= AIM OF THE EXERCISE =
Word for word, copy the line that contains "Employment Tribunal" and each line after it in the data below. Pictures stay out of the copy.

= SOURCE DATA =
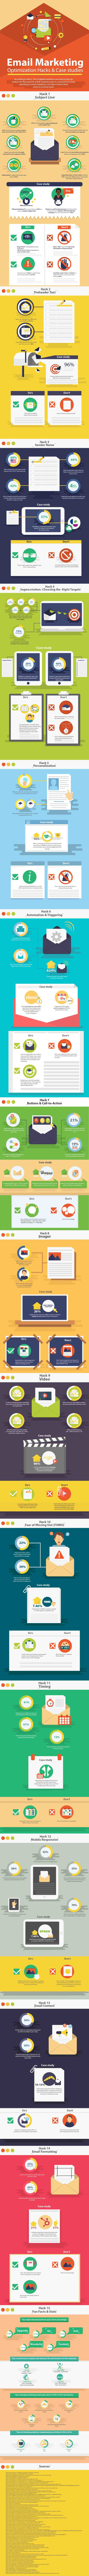 Infographic: Best Email Optimization Hacks + Case Studies
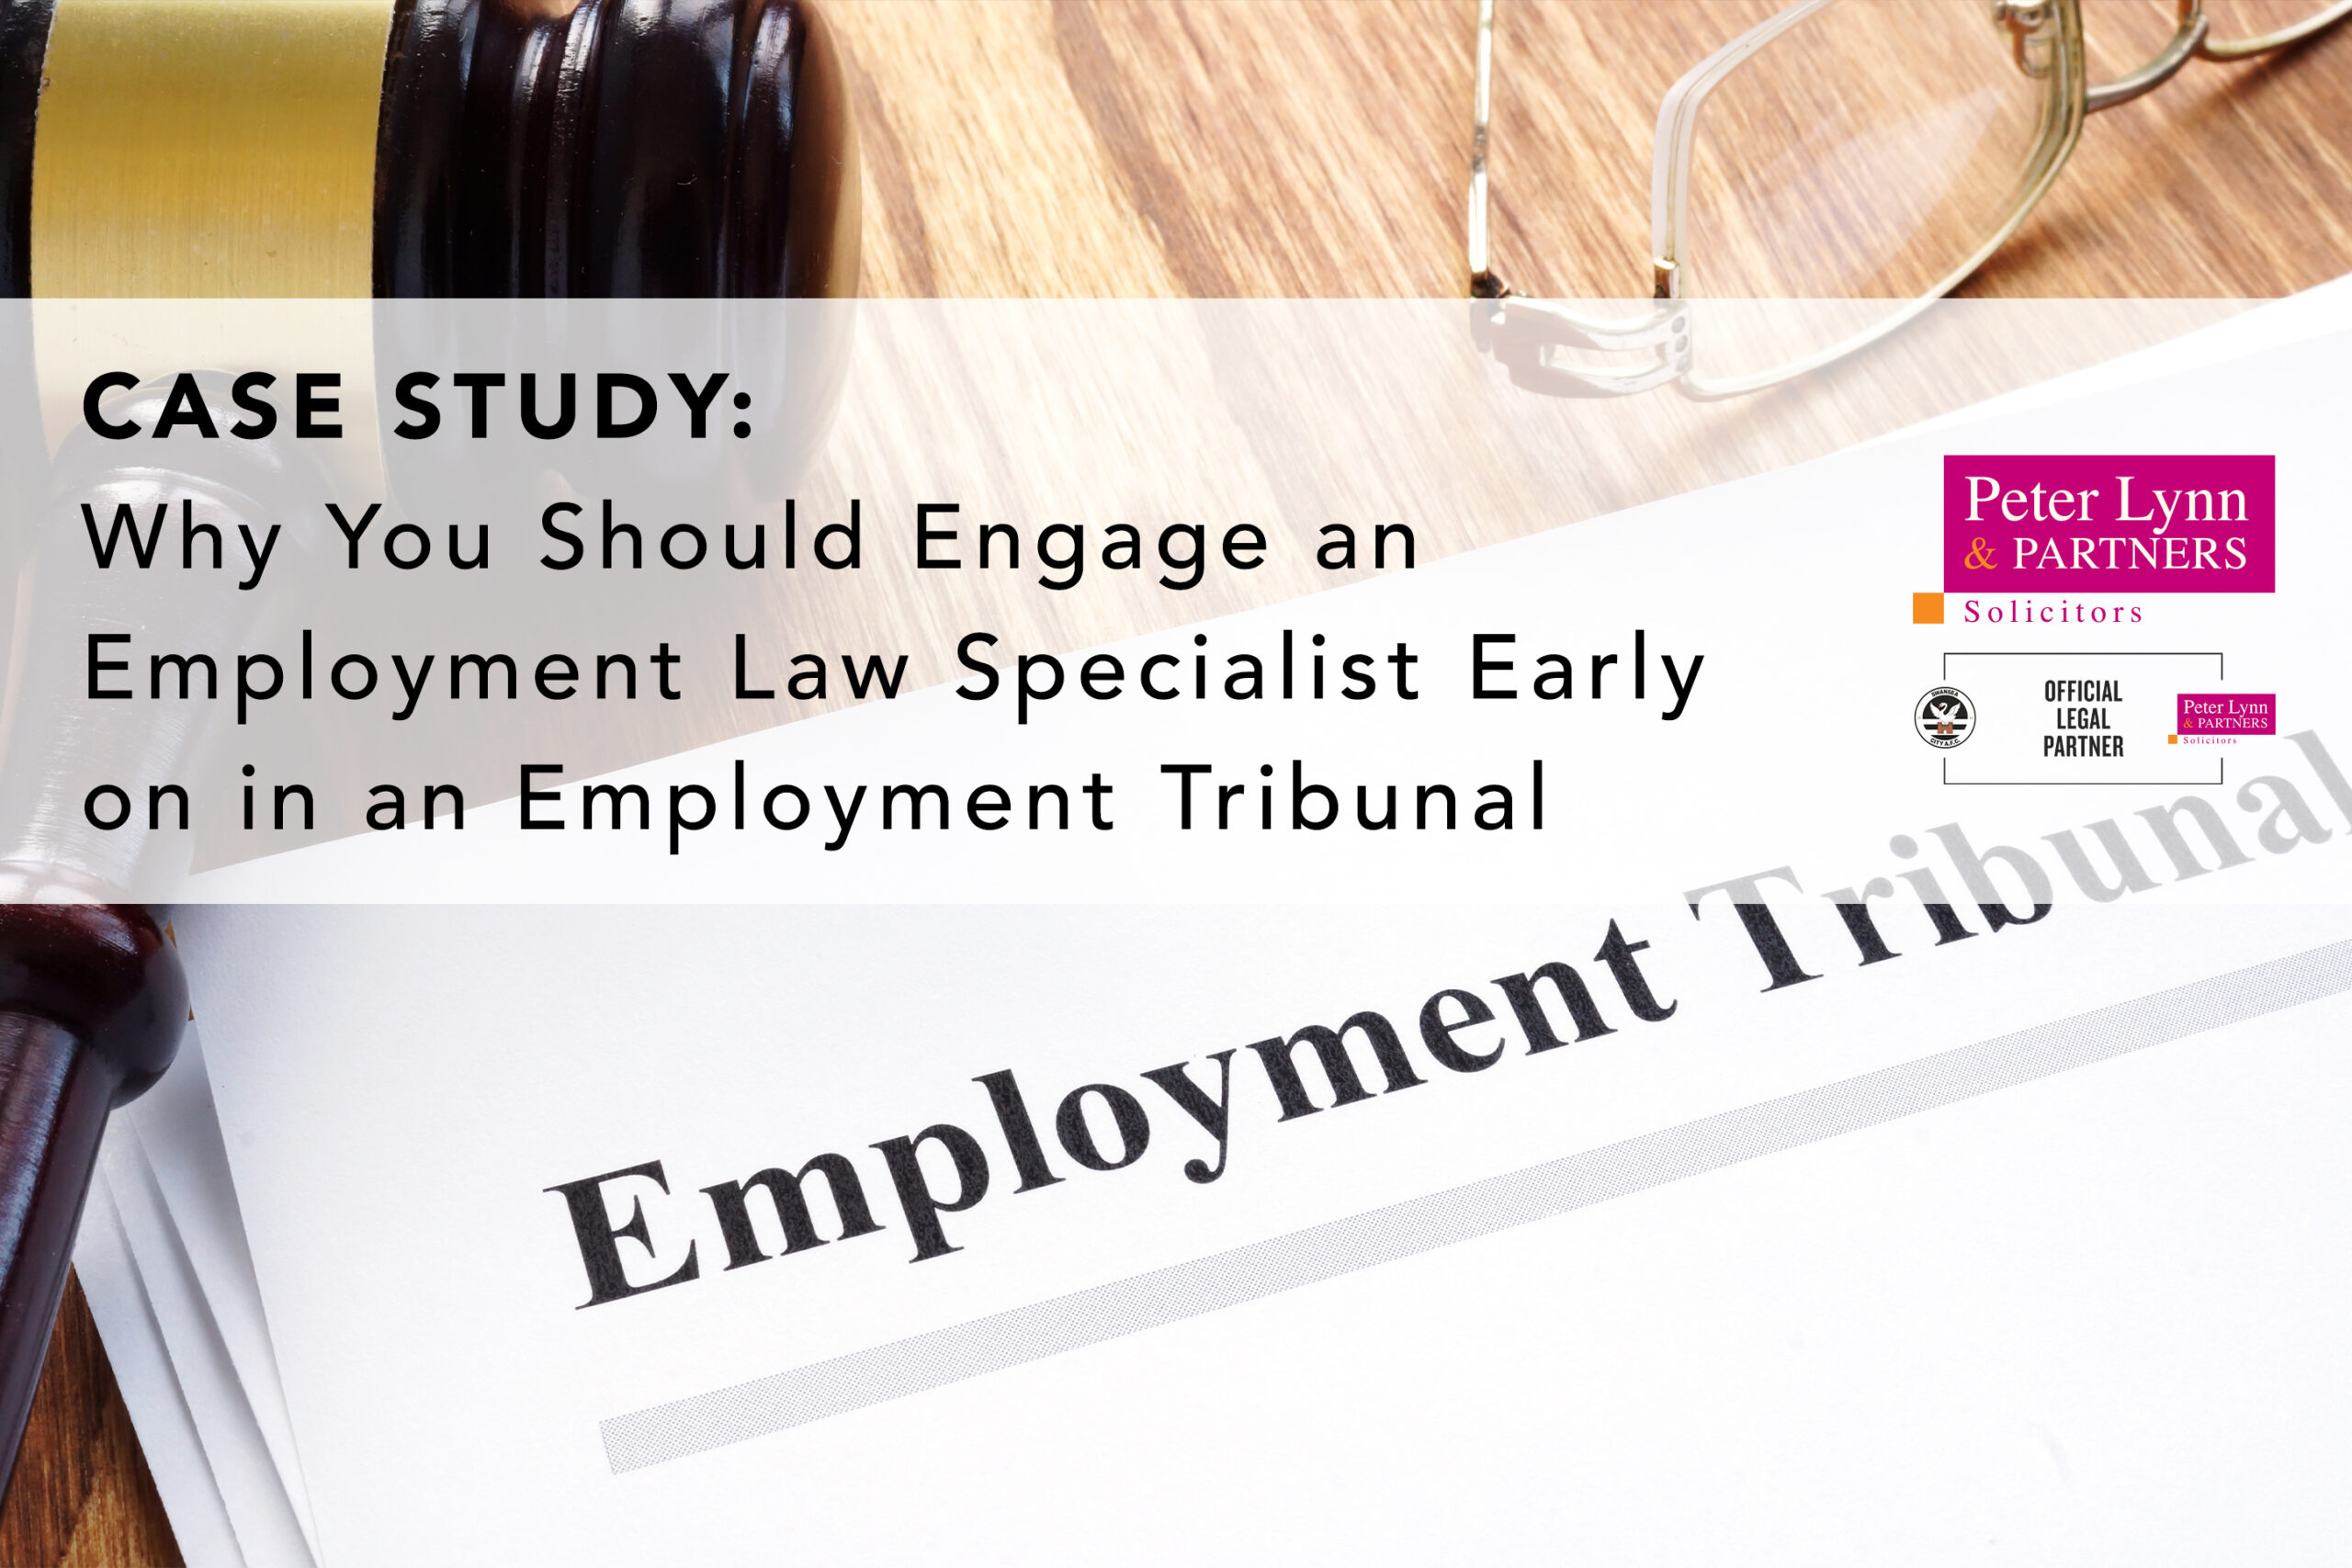 Employment Tribunal
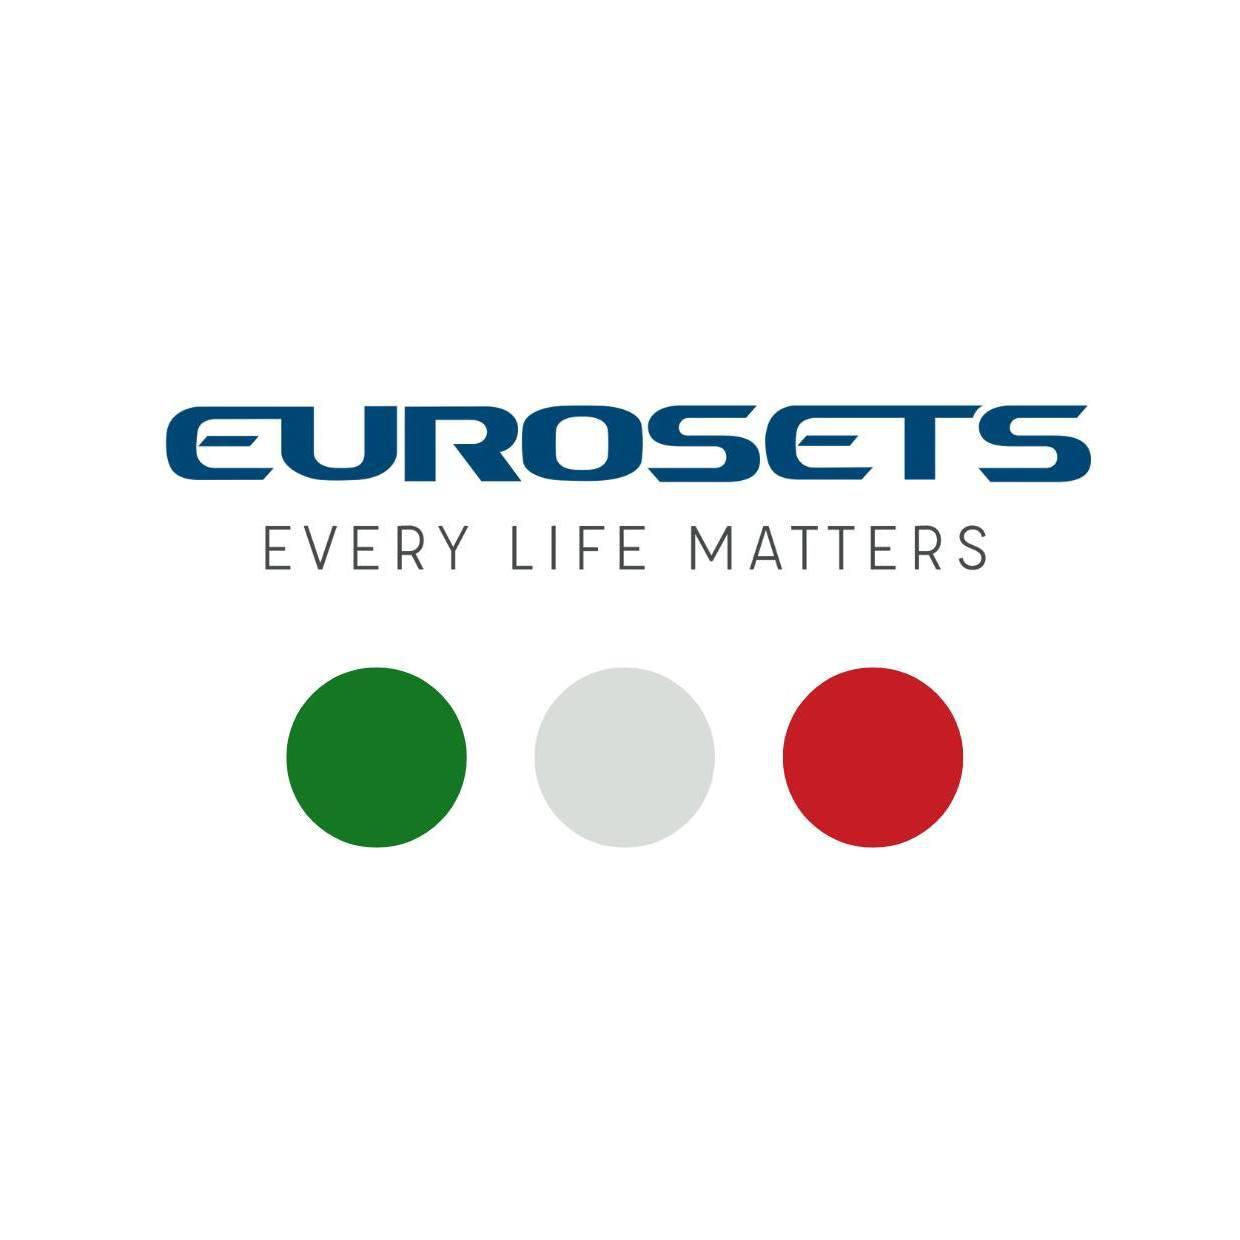 Eurosets
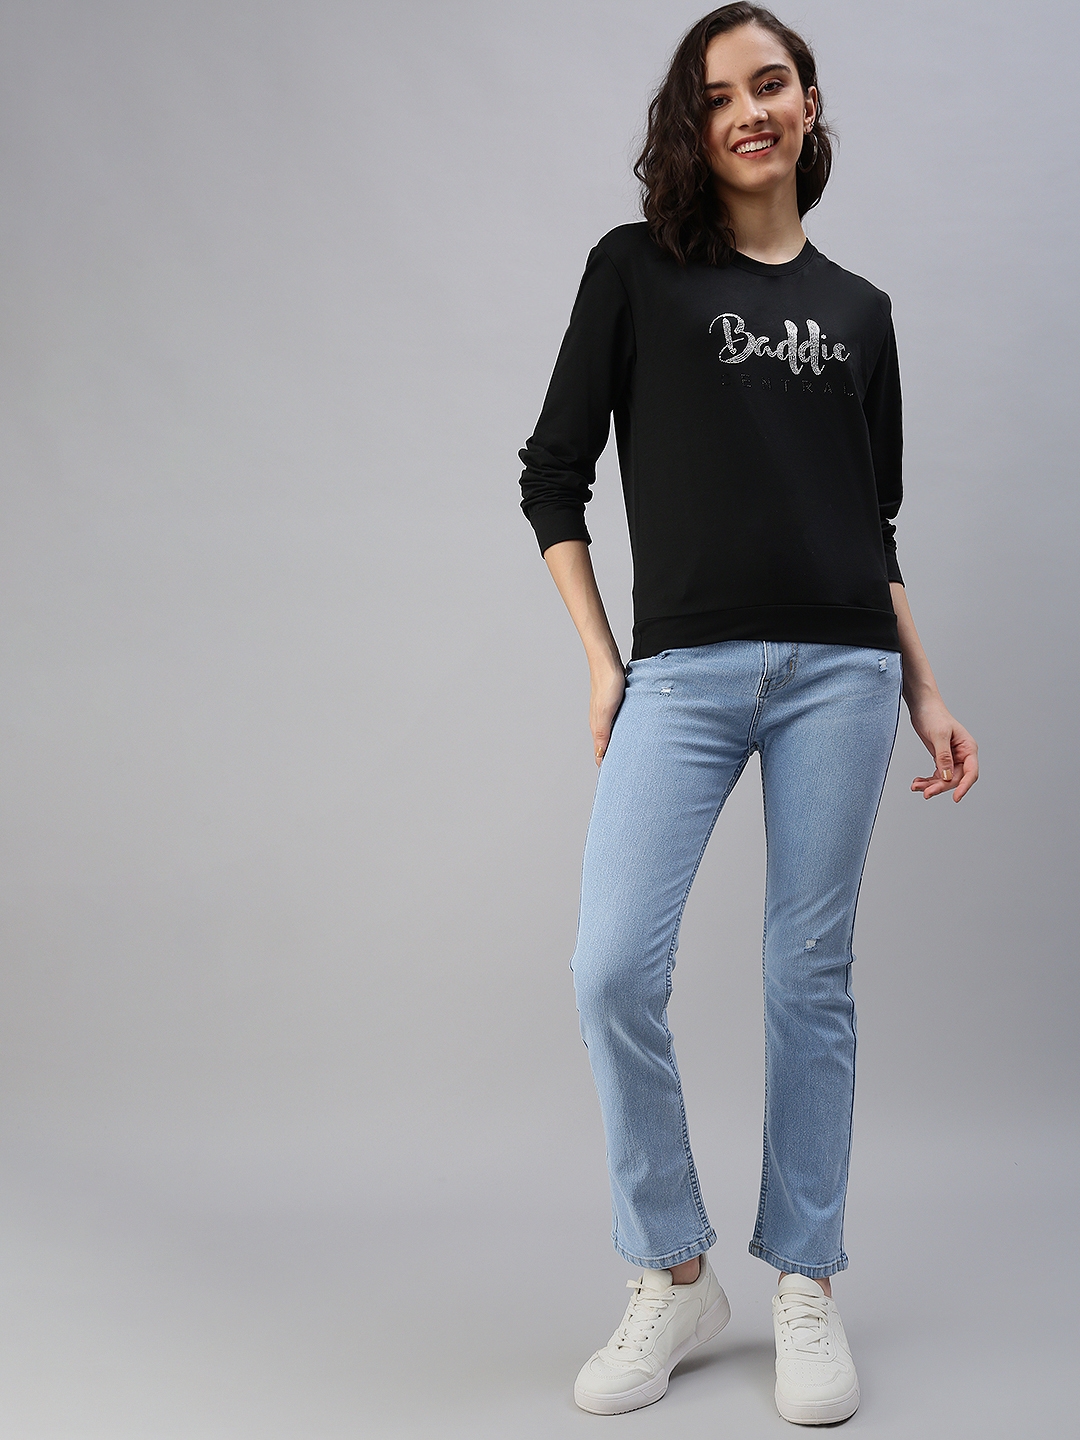 Women's Black Cotton Solid Sweatshirts
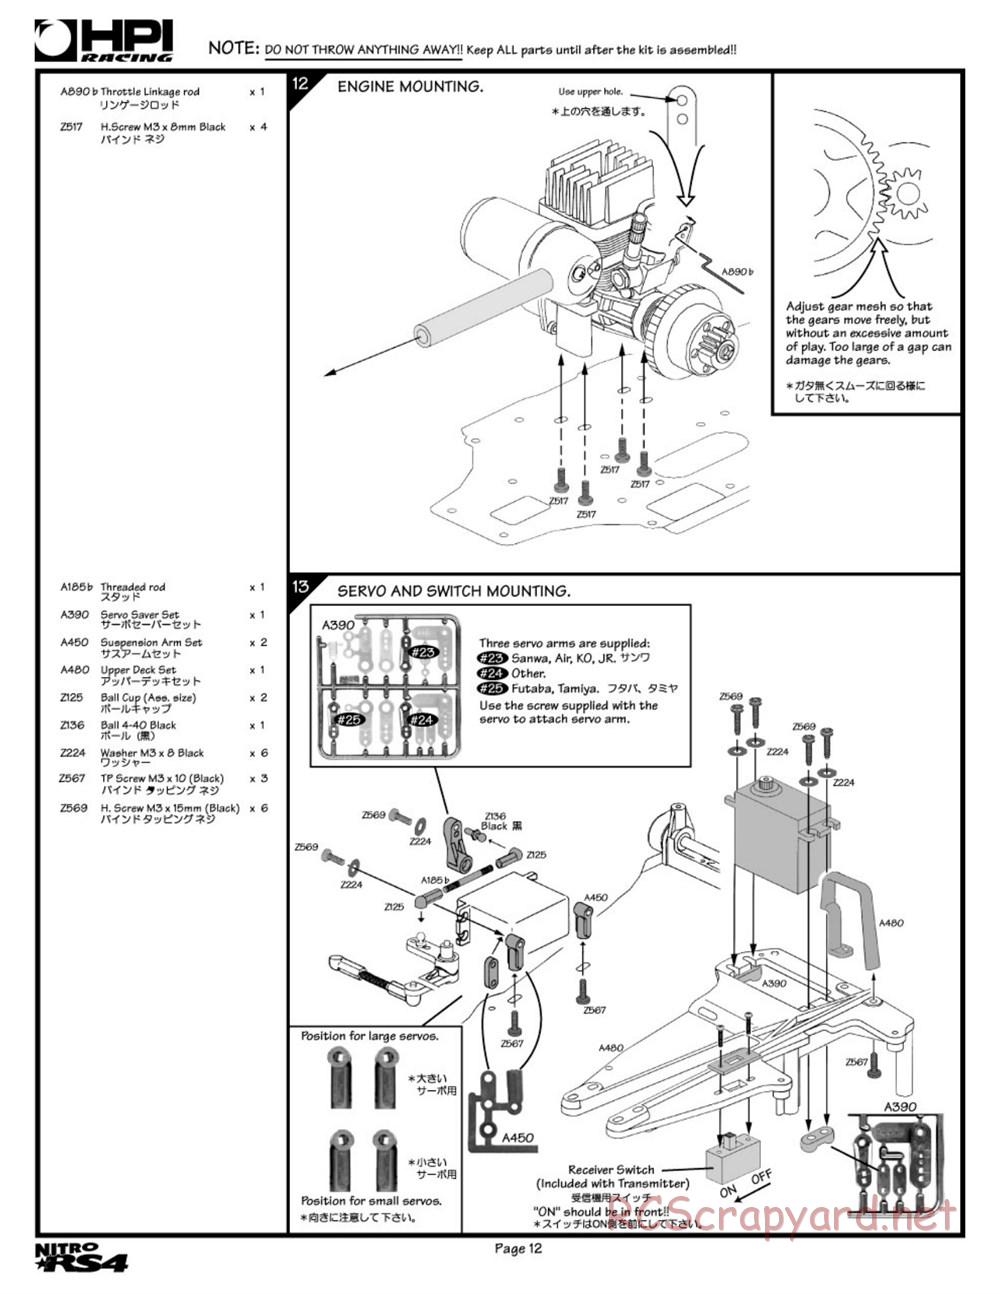 HPI - Nitro RS4 - Manual - Page 12

= TASK SOLUTION =
 Employment Tribunal
 Eurosets
 Women's Black Cotton Solid Sweatshirts
 HPI - Nitro RS4 - Manual - Page 12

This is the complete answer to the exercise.